M.G. Stephens, who is making another appearance in TMR with a story about the peripatetic Eileen Coole, Irish expatriate and ex-junkie, has just finished reading Ralph Ellison’s Invisible Man. M.G. is part of a men’s reading group at the oldest African American church in Evanston, Illinois, and they usually read books related to social justice or black history or culture. — “The first time around I was impressed by Ellison’s prose style and his storytelling abilities. This time I am taken by the breadth of his knowledge and experience, and his uncanny ability to synthesize other writers’ ideas into his own work. I am also taken by the shapeliness of the work, a beautiful arc to the narrative, themes repeating, ideas culminating, images solidifying by the end. This book is a devastating indictment of American racism, and its voice resonates deep into the bones, shaking up our world in a way that propels us towards social justice.”

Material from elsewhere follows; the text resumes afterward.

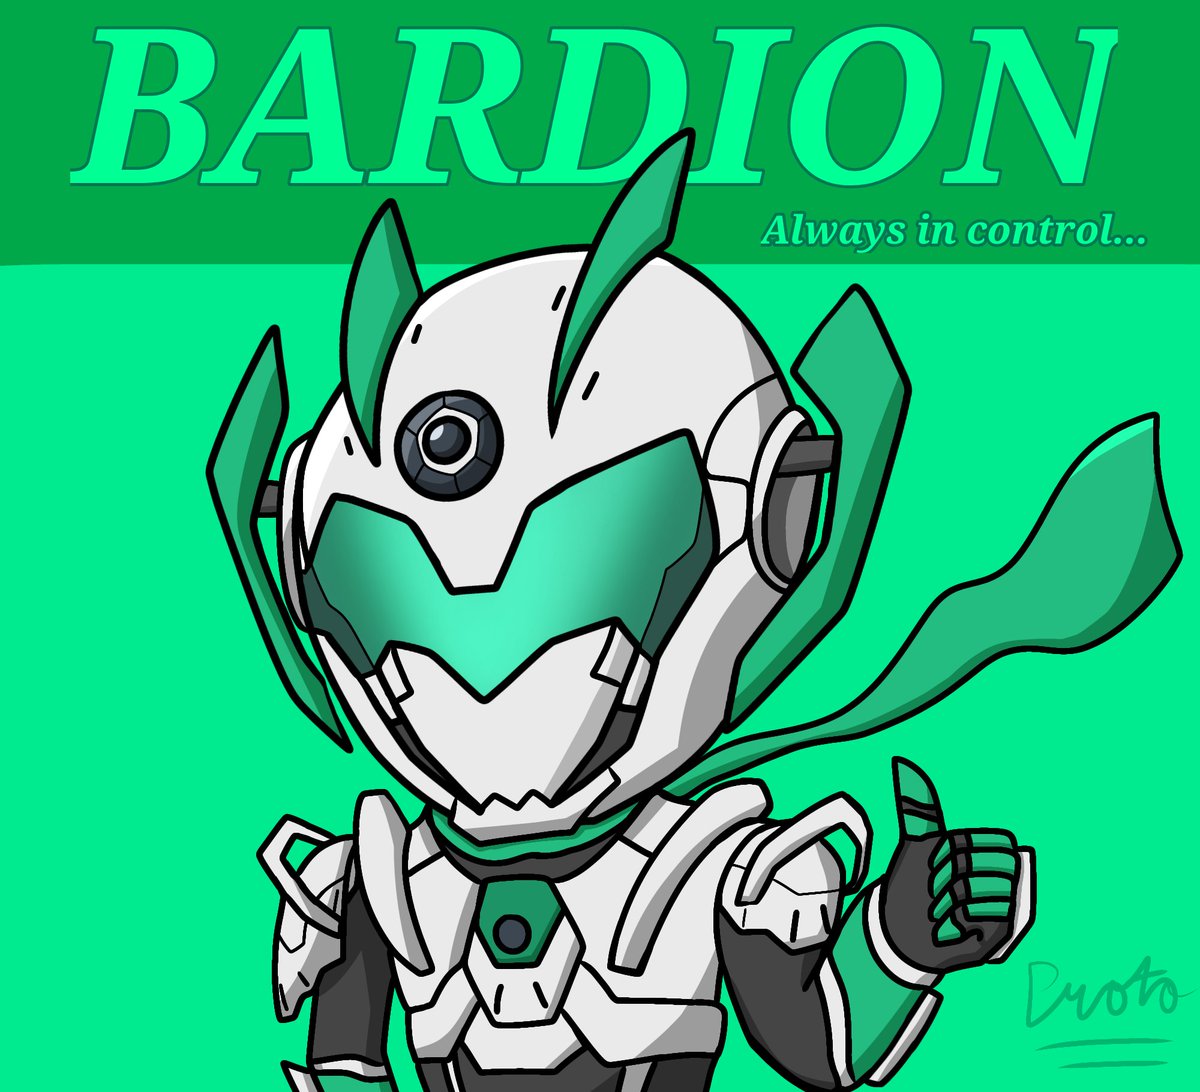 Some quick Bardion fanart for today! (Bardi's own Superhero thing, that's cool)
#Bardion #smartprotectorbardion #bardismarthome #tokusatsu #AlwaysinControl #fanart

The group’s next book to tackle is The Fire Next Time by James Baldwin, which is one of M.G.’s favorites. — “I try to re-read it every year. Baldwin has one of the most beautiful prose styles I have ever encountered in any language, and I identify with the fact that he was one of nine children, as I was too, growing up in a poor family in New York too. But most important, Baldwin articulates the pain of social injustice in America as well as anyone, and a writer committed to social justice, in my opinion, is just slightly more ahead of the other writers around her or him. Every time I read this book, it amazes me how articulate Baldwin is about feelings that most of us are too traumatized by to ever be able to give them form and articulation. He is one of the great voices in American literature.”

Lastly, he is reading many miscellaneous books, mostly to review them, including the late Richard Elman’s collected poems, a handful of Irish books, and Richard Hoffman’s memoir Love and Fury, as well as his latest poetry book Noon until Night.